What this task involves — Go through the listing and set it down exactly, leaving out its pictures.

Data below —
· · · · · · ·

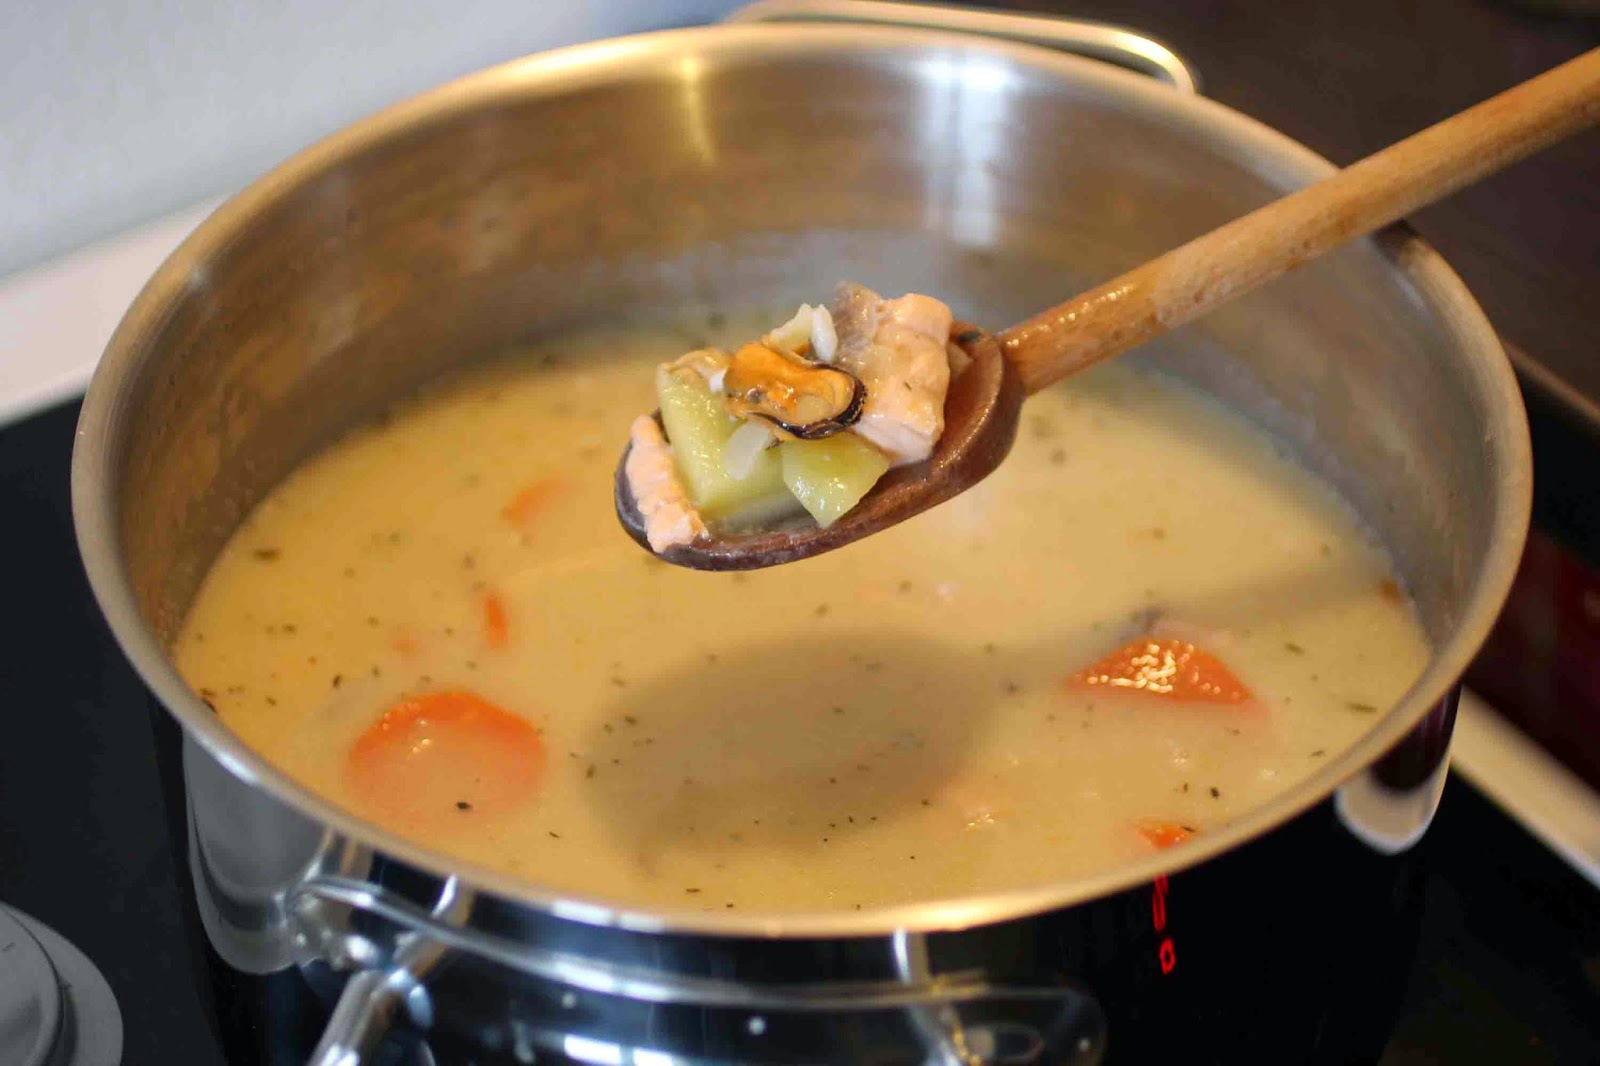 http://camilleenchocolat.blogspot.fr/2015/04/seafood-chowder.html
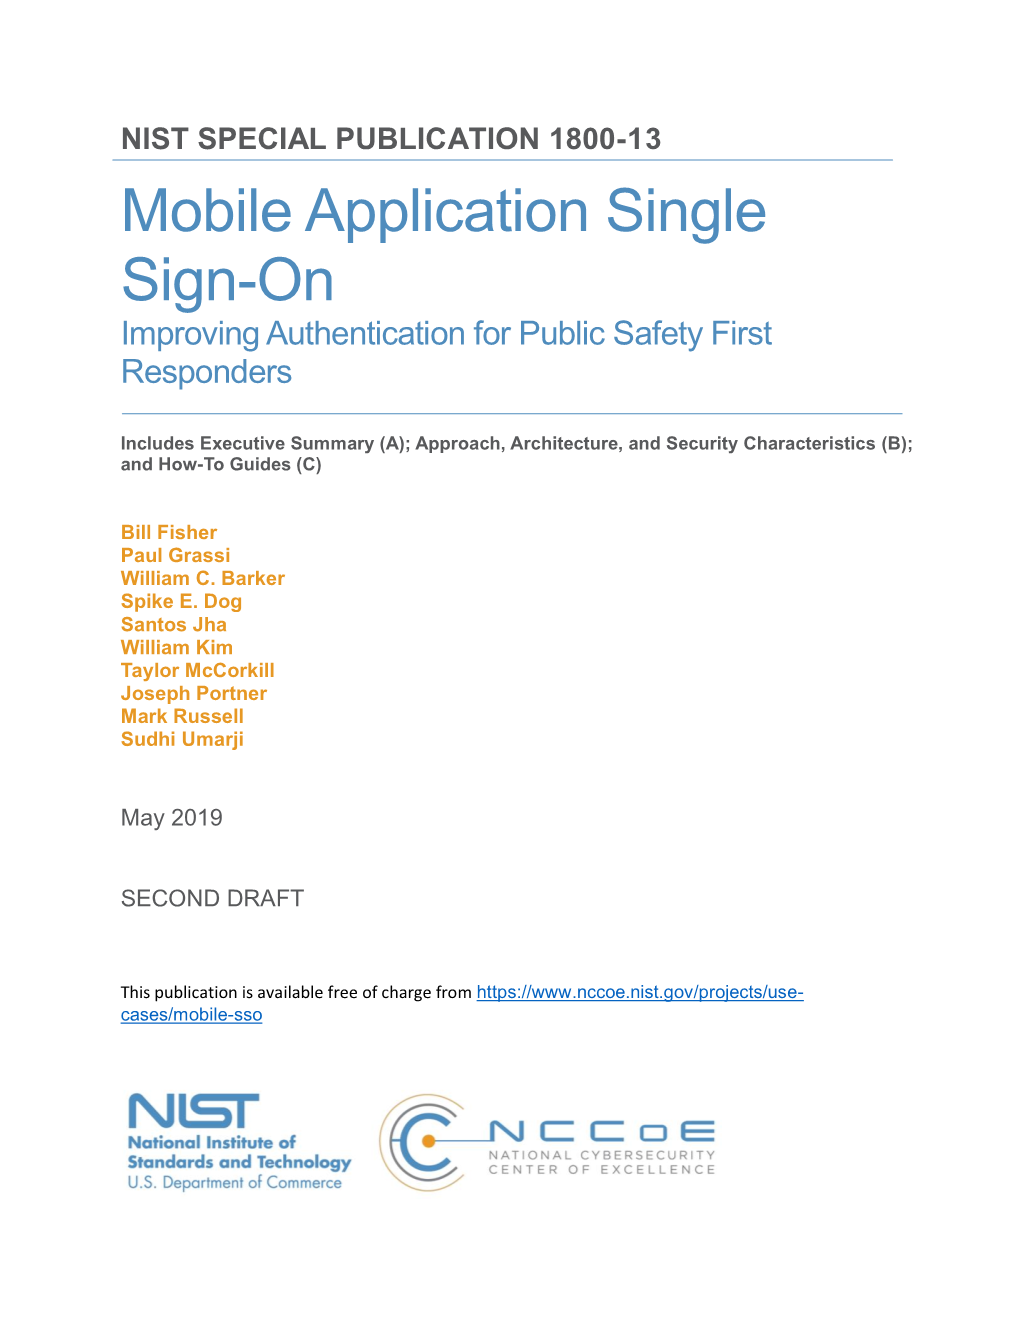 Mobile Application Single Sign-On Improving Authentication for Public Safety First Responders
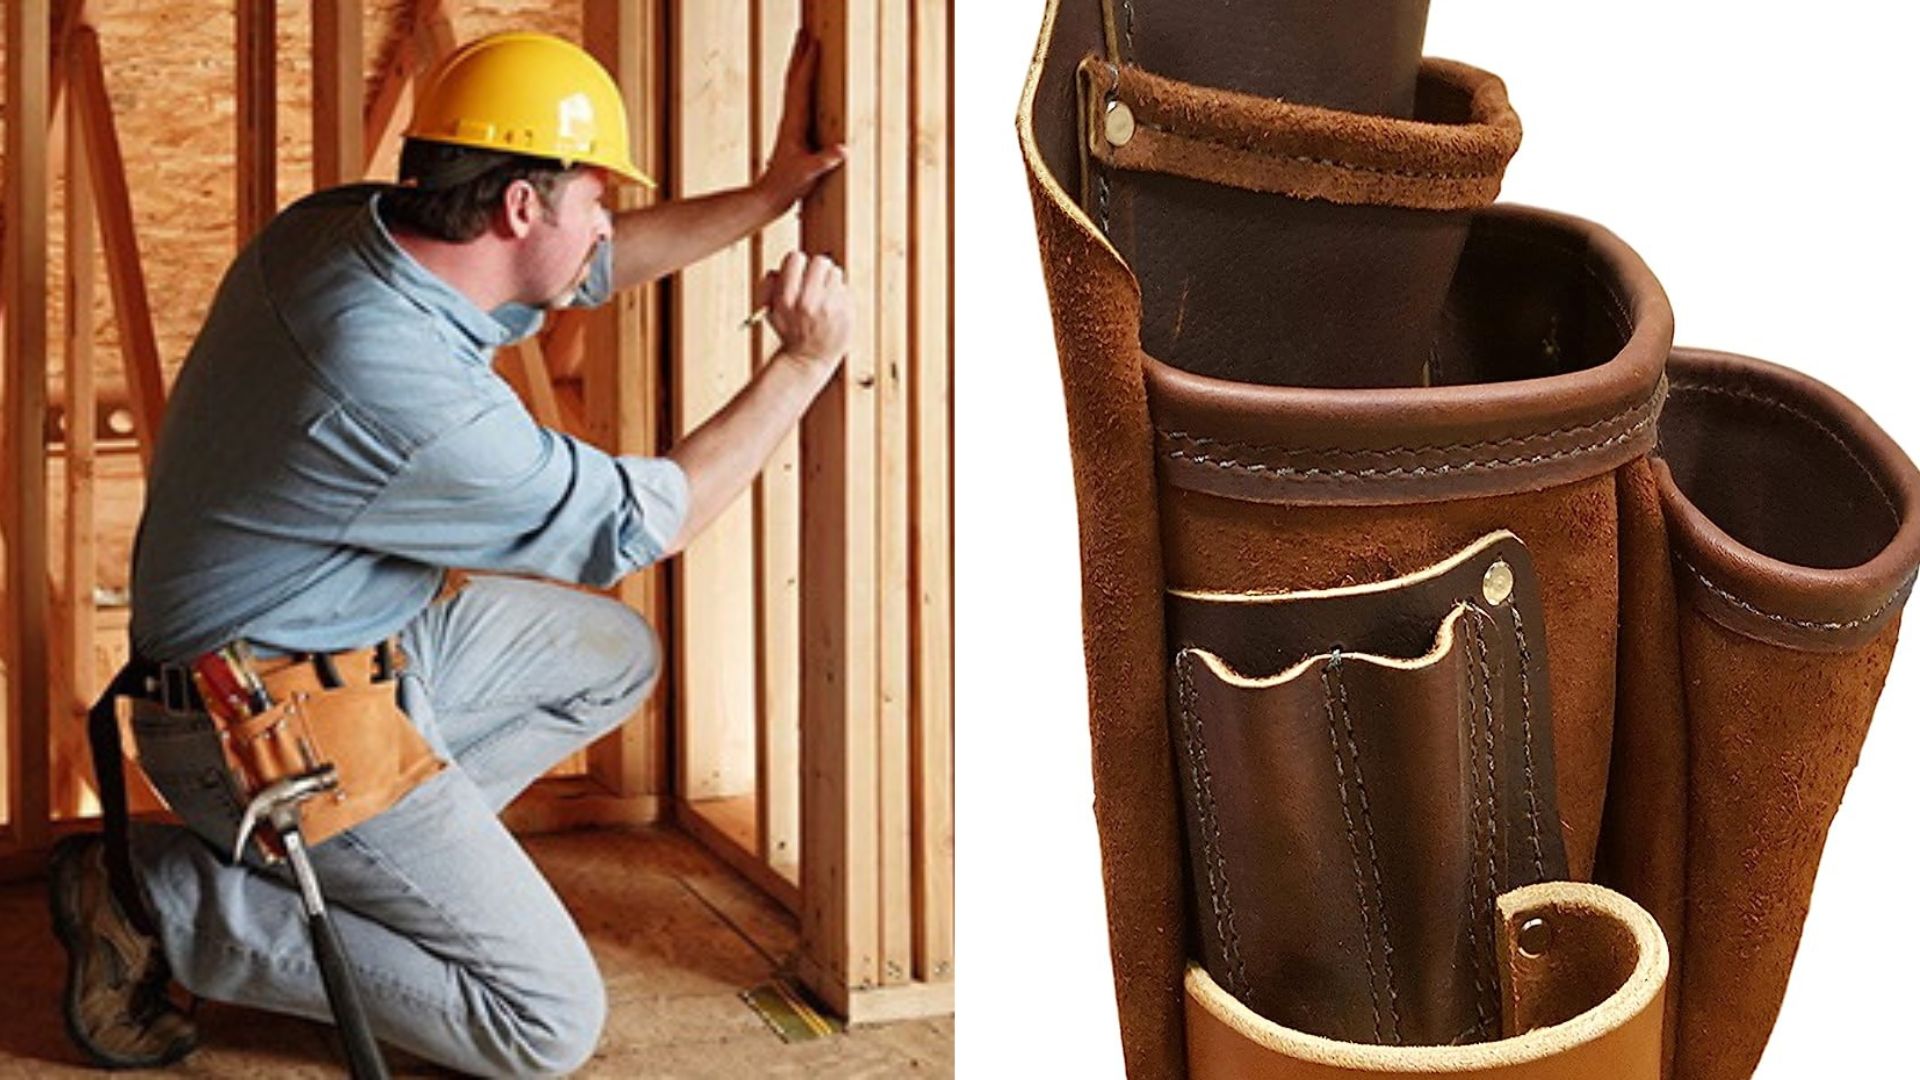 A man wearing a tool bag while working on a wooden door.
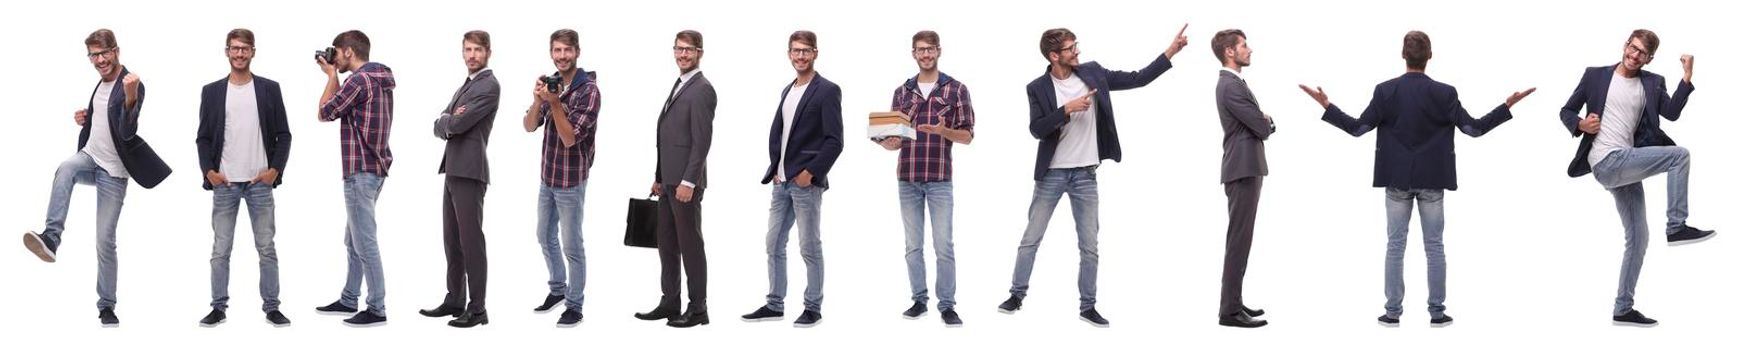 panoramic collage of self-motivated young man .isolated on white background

· · · · · · ·

Response to the task —
 http://camilleenchocolat.blogspot.fr/2015/04/seafood-chowder.html
 Mobile Application Single Sign-On Improving Authentication for Public Safety First Responders
 A man wearing a tool bag while working on a wooden door.
 panoramic collage of self-motivated young man .isolated on white background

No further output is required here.